Показали кадры из Городского совета, чиновников, собравшихся перед микрофонами.

— Но в одном можно быть уверенным. Люди не боятся Волка из Сан-Франциско. Они чествуют его, выкладывают в Интернет рисунки с его изображениями, сочиняют в честь него стихи и даже песни.

Показали кадры двух молодых парней в дешевых костюмах горилл, с написанным от руки плакатом «Человек-волк, мы тебя любим!». Другой кадр, девочка-подросток с гитарой, поющая: «Это был Человек-волк, это был Человек-волк, это был Человек-волк с большими голубыми глазами!»

Женщина на улице, перед микрофоном репортера.

— Настораживает то, что они не позволяют свидетелям общаться с прессой!

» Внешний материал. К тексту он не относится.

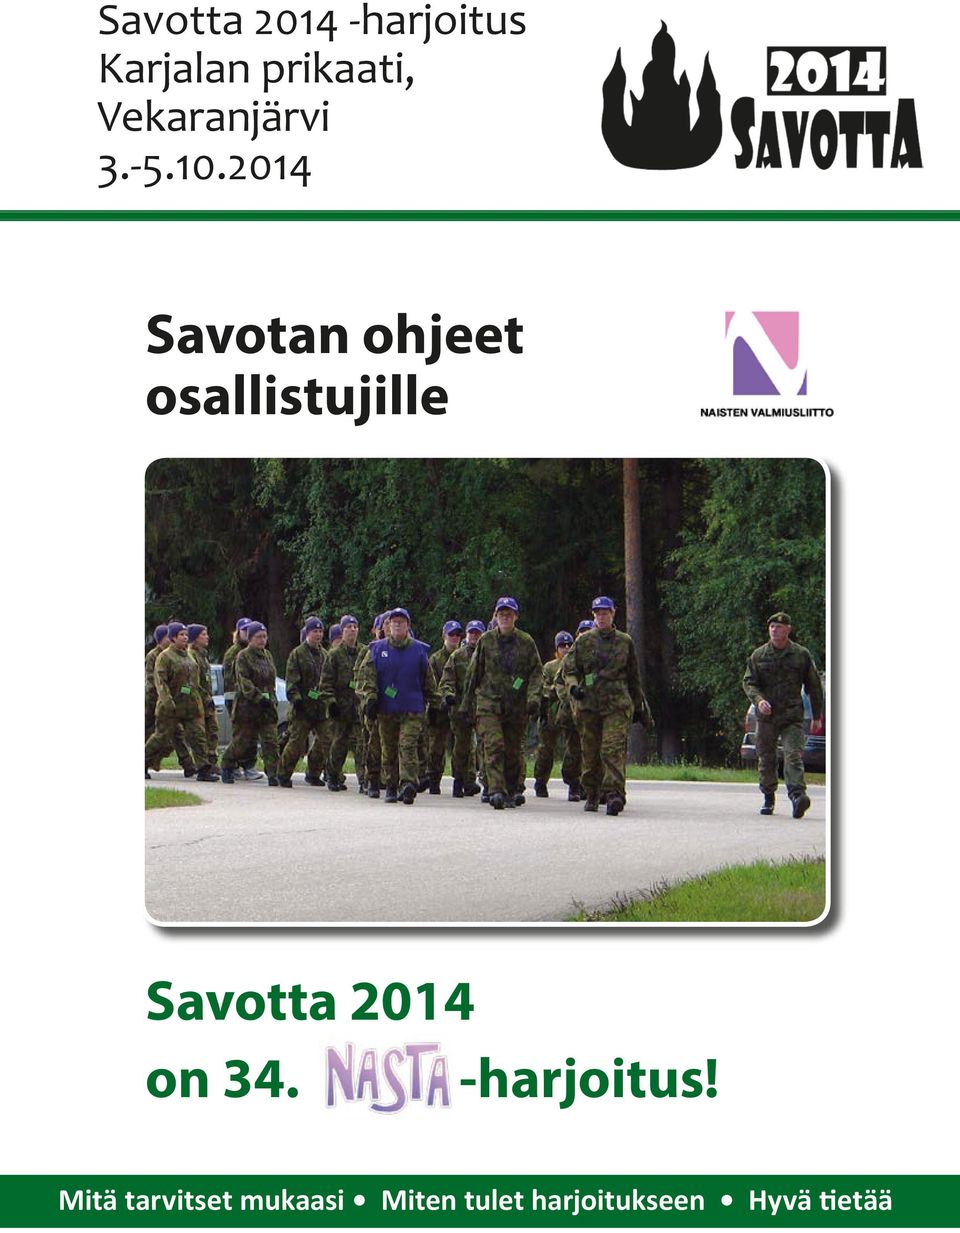 2014 Savotan ohjeet osallistujille Savotta 2014

Почему мы слышим обо всем, что они видели, только от представителей власти, а не напрямую от свидетелей?

— Как вы думаете, как должны себя люди чувствовать? — спросил рослый мужчина, которого остановили на углу Пауэлл-стрит, на фоне трамвая канатной дороги, с лязгом едущего вниз. — Есть ли среди нас хоть кто-то, кто не хотел бы наказать зло, наполняющее этот мир? Эти похитители убили двоих детей, знаете ли. Третий ребенок впал в кому и умер от кетоацидоза. И кто теперь должен бояться этого парня, можно спросить? Я не боюсь. А вы?

Ройбен ткнул кнопку, выключая телевизор.

— С меня уже хватит, — извиняющимся тоном сказал он.

Лаура кивнула.

— С меня тоже, — произнесла она. Беззвучно подошла к камину и разворошила поленья бронзовой кочергой. Вернулась к дивану и откинулась на белую подушку, которую принесла со второго этажа. Прикрылась белым одеялом. Рядом с ней лежала стопка книг про вервольфов, недавно купленных Ройбеном. С тех пор как они приехали, она то и дело принималась читать их.

Комнату освещал приятный свет бронзовой лампы, стоящей на столе. Все шторы были закрыты. Ройбен закрыл шторы по всему дому. Долгое занятие, но они вместе решили, что так лучше.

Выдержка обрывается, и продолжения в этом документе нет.